Encoding error while reading databaseSee original GitHub issue
Hi, I am experiencing an encoding error while reading calima_star database in a Windows environment, and that is due to the fact that database.py relies on default encoding:
with open(fpath, 'r') as dbfile:
Then, if I try to
db = CalimaStarDB.builtin_db(), it will raise an UnicodeError for the database is in UTF-8 (I guess), and Python default encoding in Windows is that of the computer language (mine, CP1252). Is there any way I could specify the encoding while reading the builtin_db?
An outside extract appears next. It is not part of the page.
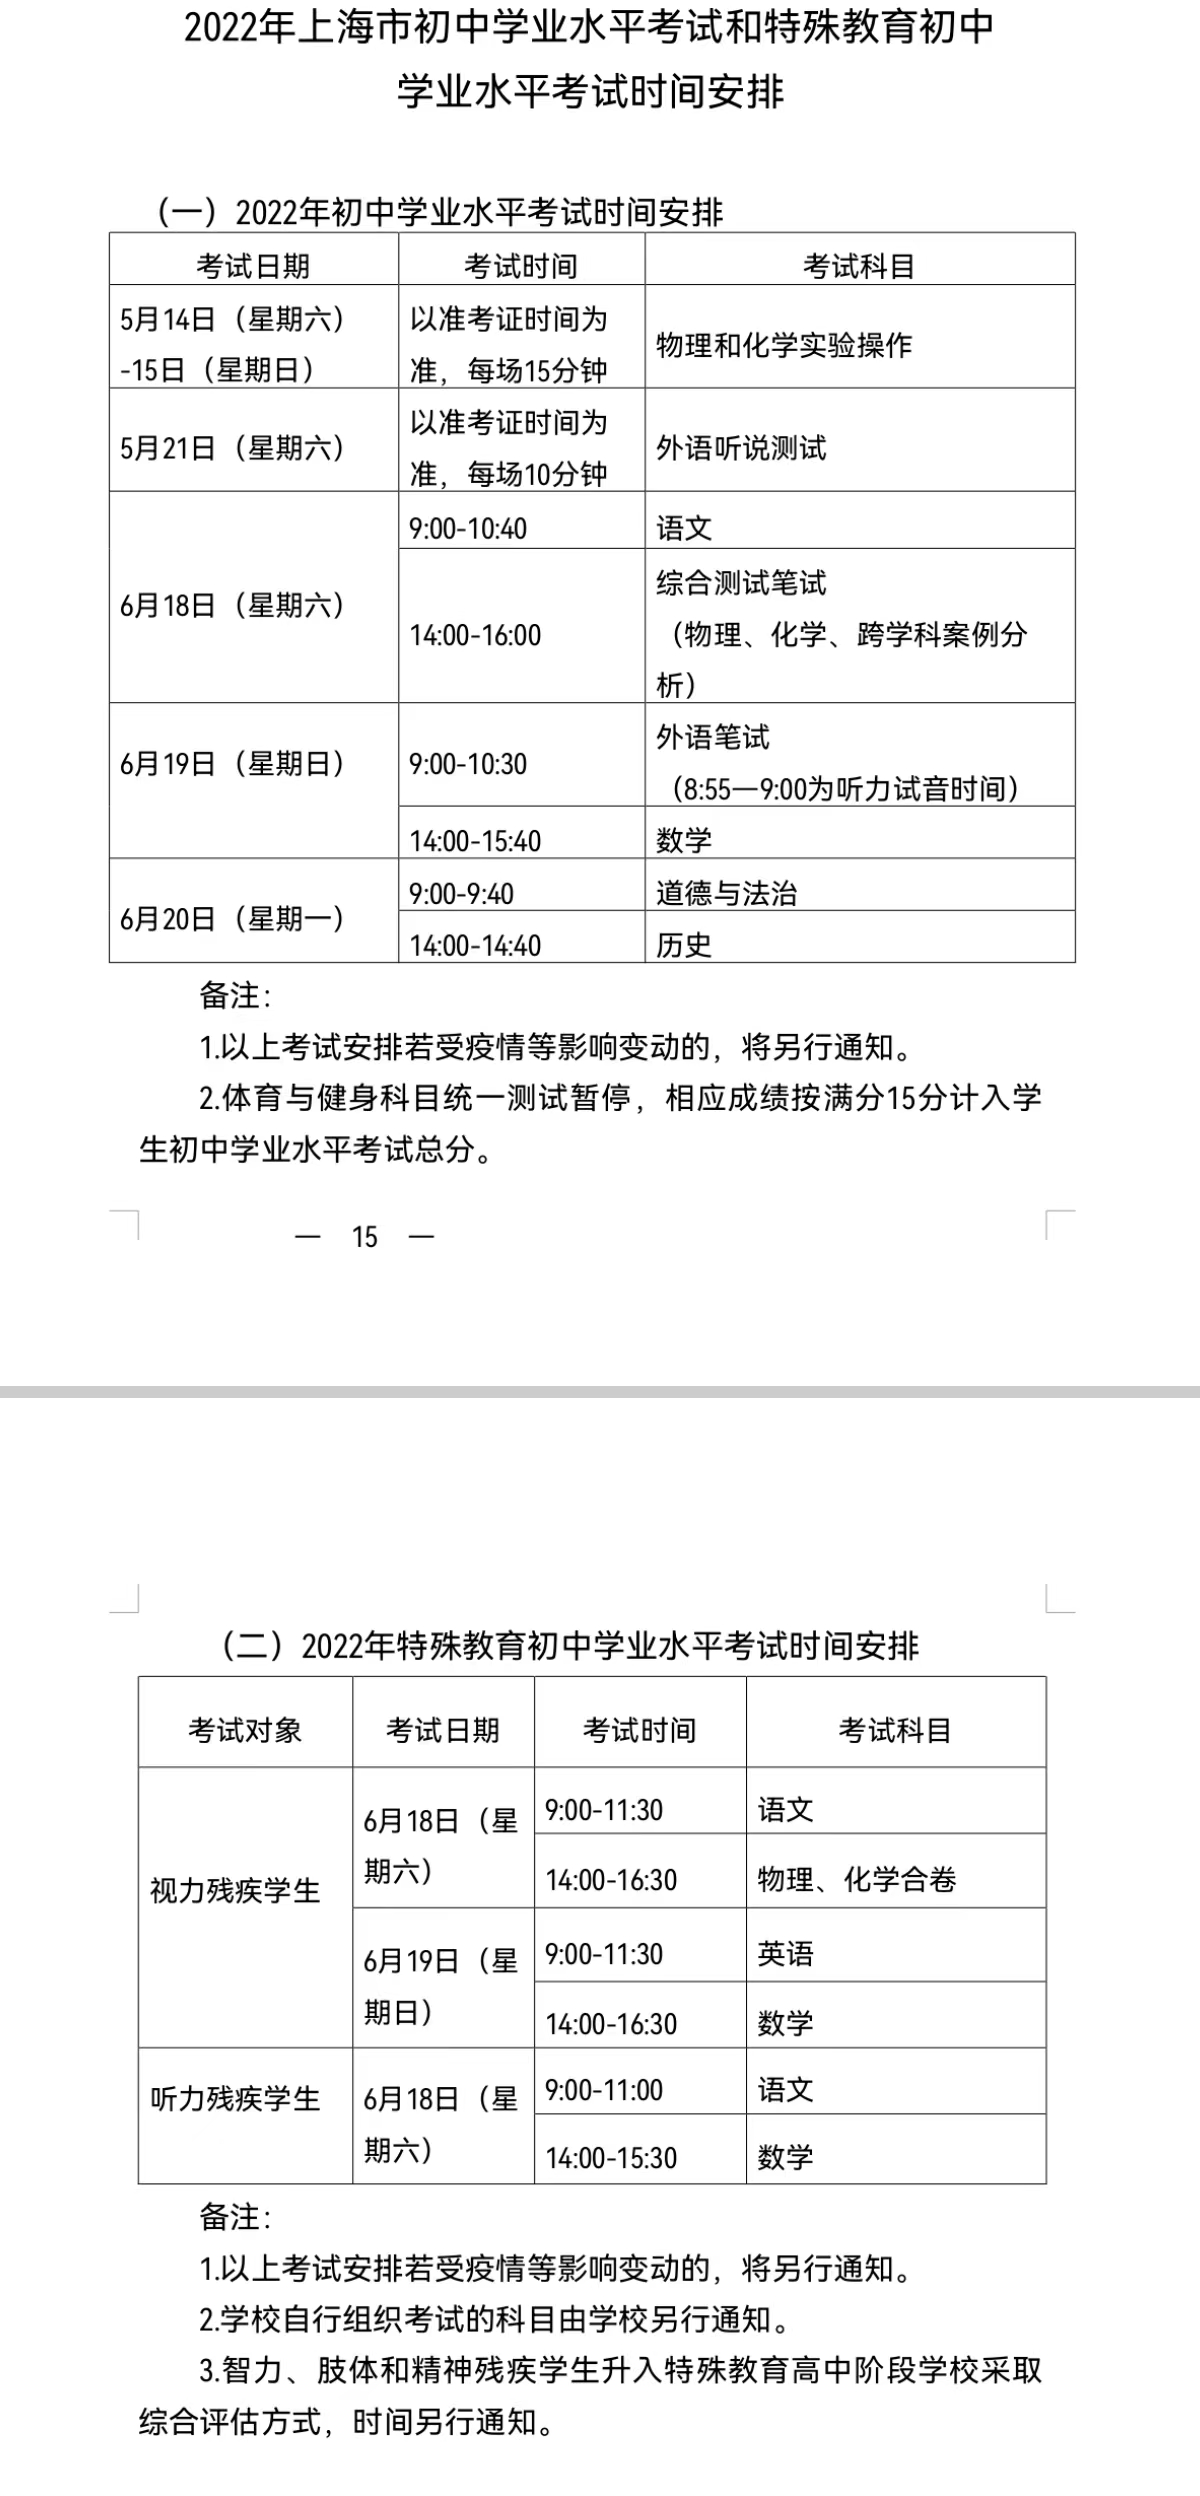 今年上海中考延期且由3天缩短为2天，将优化原有考试安排

If I replace that line at database.py to the one below, the error will be fixed, but that is not straightforward since I intend to making camel_tools pip installable through requirements.
with open(fpath, 'r', encoding="utf-8") as dbfile:
Thanks in advance
- Created 3 years ago
Top GitHub Comments
Just a quick update.
So camel-tools should be installable on plain Windows now through the master branch. I’ve added installation instructions. However, dialectid will not be available.
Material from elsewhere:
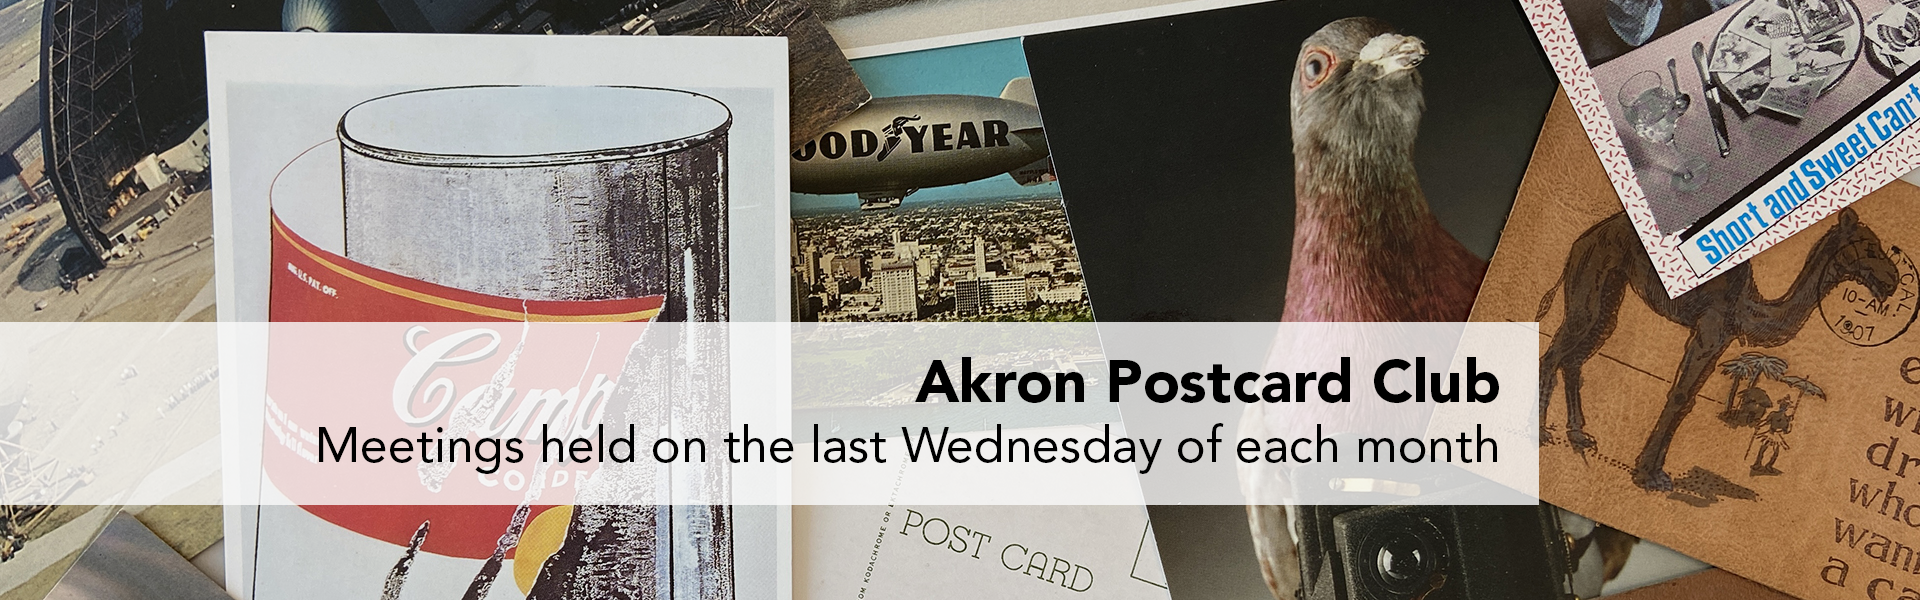 Akron Postcard Club

Also, camel_tools.calima_star is now camel_tools.morphology (this was the breaking changes I mentioned). The usage is almost the same other than things being renamed (CalimaStarDB -> MorphologyDB, CalimaStarAnalyzer -> Analyzer, etc). Just take a look at the docs to see what changed.
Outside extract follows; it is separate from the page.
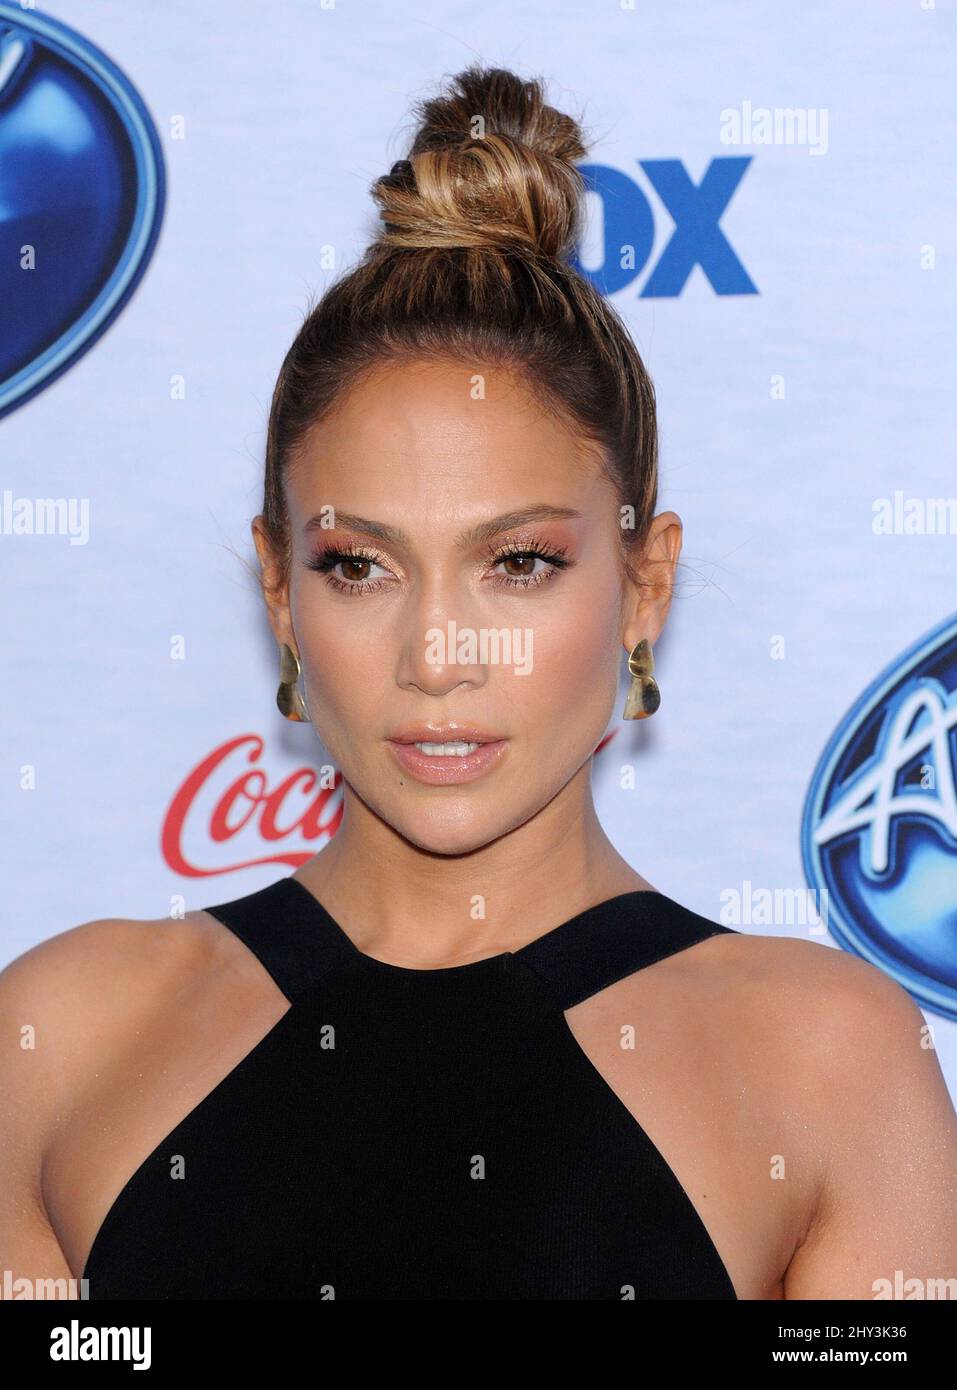 Jennifer Lopez participe à l'événement des 13 finalistes de l'American Idol, à Los Angeles Banque D'Images

A pip release should be coming in the next couple of weeks or so once everything else is stabilized.
Will it be available in the “pip” install in the future?
Yes and no.
"encoding=utf-8" will be present in a future version on pip. However, like I mentioned before, there will be breaking changes in the API you’ll need to account for. No, it will not be installable on “plain” Windows for the foreseeable future because of the issues I mentioned in my last response.
However, I will consider with the team if we should have an option to install just the components that will work on a “plain” Windows setup. This means that users won’t have access to the Dialect Identification system (perhaps other components as well). The analyzer alone should work on a plain Windows setup without issues.
It will be some time from now before a new pip version is released, so please keep an eye out (you can also fill out the form in the README to get an email when the next version is released).